For related employer compliance topics, see our guides on Ontario employment standards for small business and workplace harassment policy requirements.

Frequently asked questions

Does the Occupational Health and Safety Act apply to businesses with fewer than 5 employees?

Yes. The OHSA applies to all Ontario workplaces regardless of size. The general duty to take every reasonable precaution for worker protection applies from your first employee. The requirement for a formal health and safety representative or committee kicks in at 6 workers.

How many workers does my Ontario business need before I must form a Joint Health and Safety Committee?

A Joint Health and Safety Committee (JHSC) is required when you have 20 or more regularly employed workers. Businesses with 6 to 19 workers need a health and safety representative (a single worker, not a committee). Under 6 workers, no formal structure is required but the general OHSA duty still applies.

Does WHMIS training apply if my workers only use regular cleaning products?

Likely yes. Many common cleaning and disinfecting products are classified as hazardous materials under WHMIS 2015. Check the product label or the supplier's Safety Data Sheet, if the SDS classifies the product as hazardous, WHMIS training for workers who use it is mandatory.

What counts as a critical injury that must be reported to the Ministry of Labour?
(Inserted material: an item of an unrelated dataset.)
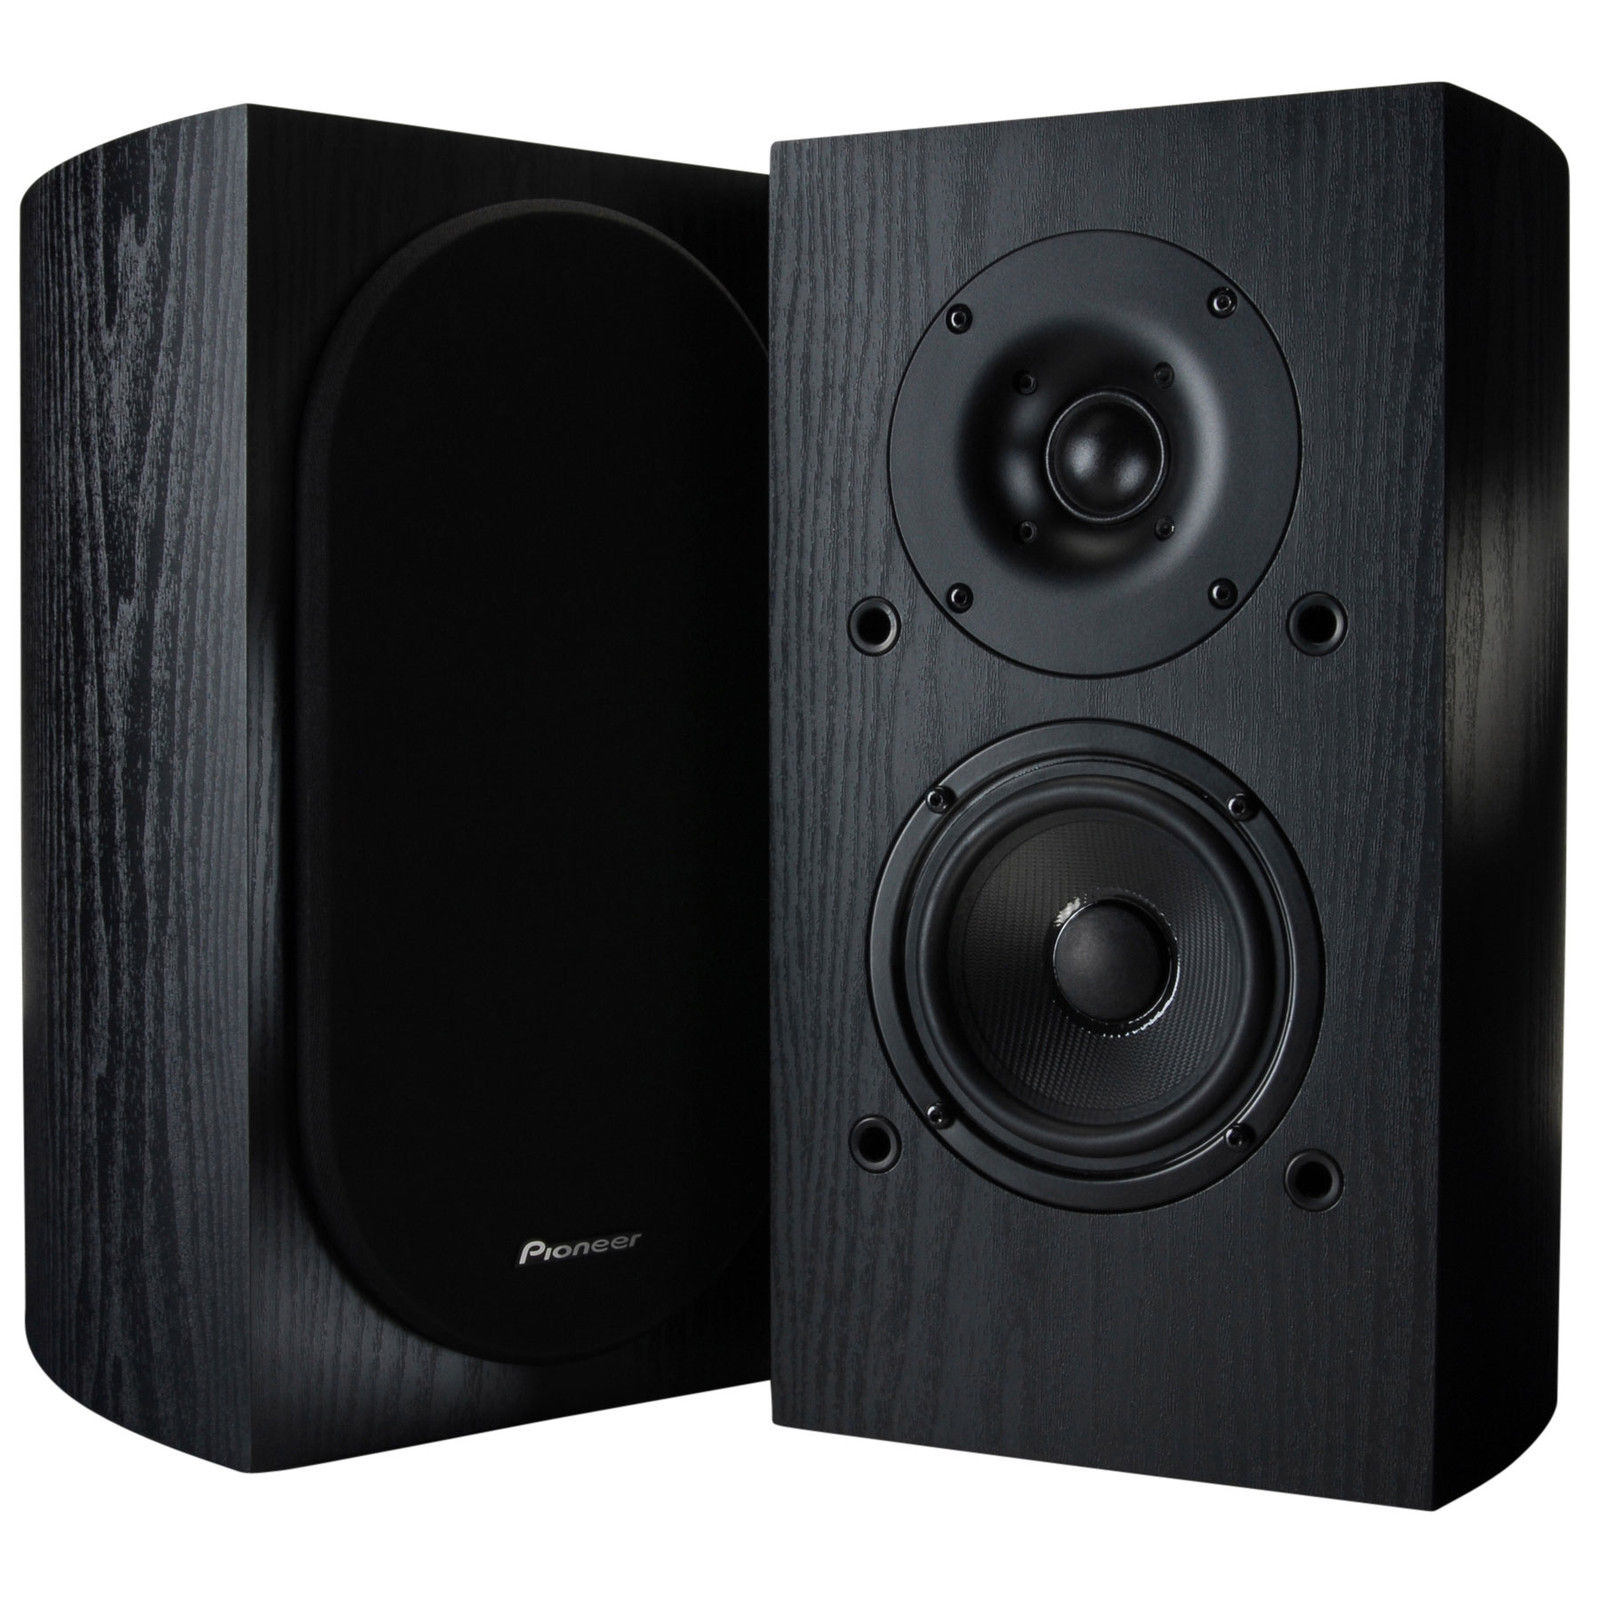 Pioneer SP-BS22 Andrew Jones Designed Bookshelf Speaker, DxWXH 8.4 x 7.1 x 12.6 inches

Ontario Regulation 834 defines critical injury as one that places life at risk, produces unconsciousness, results in substantial blood loss, involves fractures (except fingers or toes), causes loss of a body part, consists of burns to a major portion of the body, or causes the loss of sight in an eye. When in doubt, report immediately, the penalty for failing to report is a separate offence.

What are the fines for OHSA violations in Ontario?

Individual directors and supervisors convicted of OHSA offences can face fines up to $100,000 and/or up to 12 months imprisonment. Corporations can be fined up to $1,500,000 per offence. The Ministry of Labour can also issue compliance orders and stop-work orders without a conviction. Beyond fines, an undefended injury claim at WSIB can cost multiples of the compliance investment.